In this blog, I’ll share some of the most interesting questions that attendees asked and recap my responses.

Cache

We added Redis in front of our Postgres but now its cost is skyrocketing. How can ScyllaDB help in this case? We placed Redis in front of DynamoDB because DAX is too expensive, but managing cache invalidation is hard. Any suggestions?

Adding a cache layer to a slower database is a very common pattern. After all, if the cache layer grants low-millisecond range response time while the back-end database serves requests in the 3-digit milliseconds range, the decision might seem like a no brainer.

However, the tradeoffs often turn out to be steeper than people initially anticipate:

  • First, you need to properly size the cache so the cost doesn’t outweigh its usefulness. Learning the intricacies of the workload (e.g., which pieces of data are accessed more than others) is essential for deciding what to cache and what to pass-through the backend database.
    If you underestimate the required cache size, the performance gain of having a cache might be less than ideal. Since only part of the data is in the cache, the database is hit frequently – and elevates latencies across the board.
  • Deciding what to keep in cache is also important. How you define the data eviction policy for data in cache might make or break the data lifecycle in that layer – greatly affecting its impact on long-tail latency. The application is also responsible for caching responses.

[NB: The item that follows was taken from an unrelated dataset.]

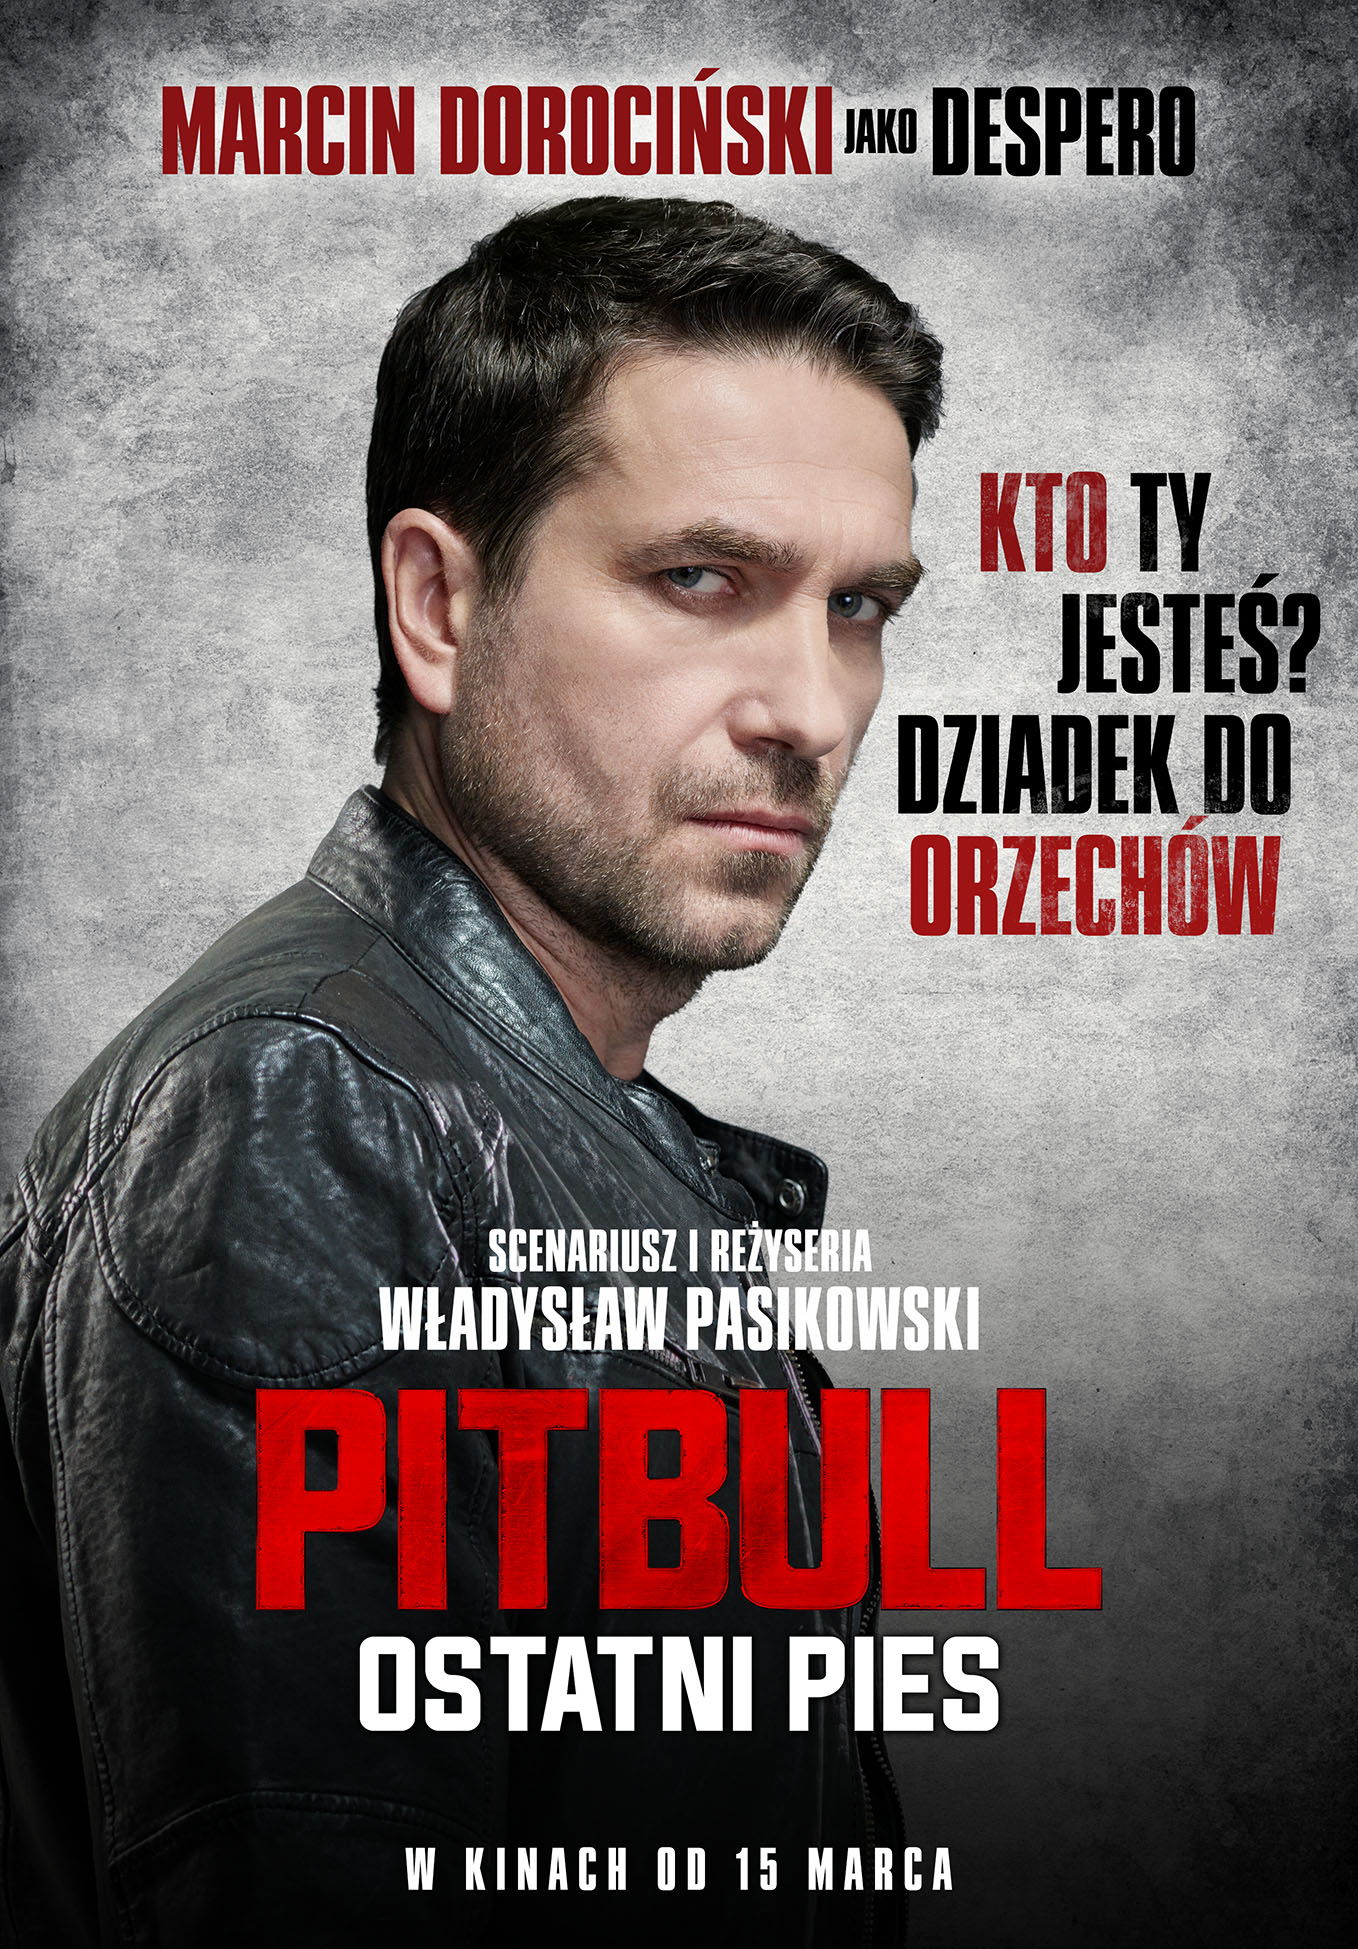 Marcin Dorociński Pitbull Ostatni Pies

That means there’s additional code that must be maintained to ensure consistency, synchronicity, and high availability of those operations.
  • Another issue that pops up really often is cache invalidation: how to manage updating a cache that is separate from the backend database. Once a piece of data needs to be deleted or updated, it has to be synchronized with the cache, and that creates a situation where failure means serving stale or old data. Integrated solutions such as DAX for DynamoDB are helpful because they provide a pass-through caching layer: the database is updated first, then the system takes care of reflecting the change on the cache layer. However, the tradeoff of this technique is the cost: you end up paying extra for DAX than you would pay for simply running a similarly-sized Redis cluster.

ScyllaDB’s performance characteristics have allowed many teams to replace both their cache and database layers. By bypassing the Linux cache and caching data at the row level, ScyllaDB makes cache space utilization more efficient for maximum performance. By relying on efficient use of cache, ScyllaDB can provide single-digit milliseconds p99 read latency while still reducing the overall infrastructure required to run workloads. Its design allows for extremely fast access to data on disks.

Even beyond that caching layer, ScyllaDB efficiently serves data from disk at very predictable ultra-low latency. ScyllaDB’s IO scheduler is optimized to maximize disk bandwidth while still delivering predictable low latency for operations. You can learn more about our IO Scheduler on this blog.

ScyllaDB maintains cache performance by leveraging the LRU (Least-Recently Used) algorithm which selectively evicts infrequently accessed data. Keys that were not recently accessed may be evicted to make room for other data to be cached. However, evicted keys are still persisted on disk (and replicated!) and can be efficiently accessed at any time. This is especially advantageous compared to Redis, where relying on a persistent store outside of memory is challenging.

Read more in our Cache Internals blog, cache comparison page, and blog on replacing external caches.

Tombstones

I’ve had tons of issues with tombstones in the past with Cassandra… Performance issues, data resurrection, you name it. It’s still pretty hard dealing with the performance impact. How does ScyllaDB handle these issues?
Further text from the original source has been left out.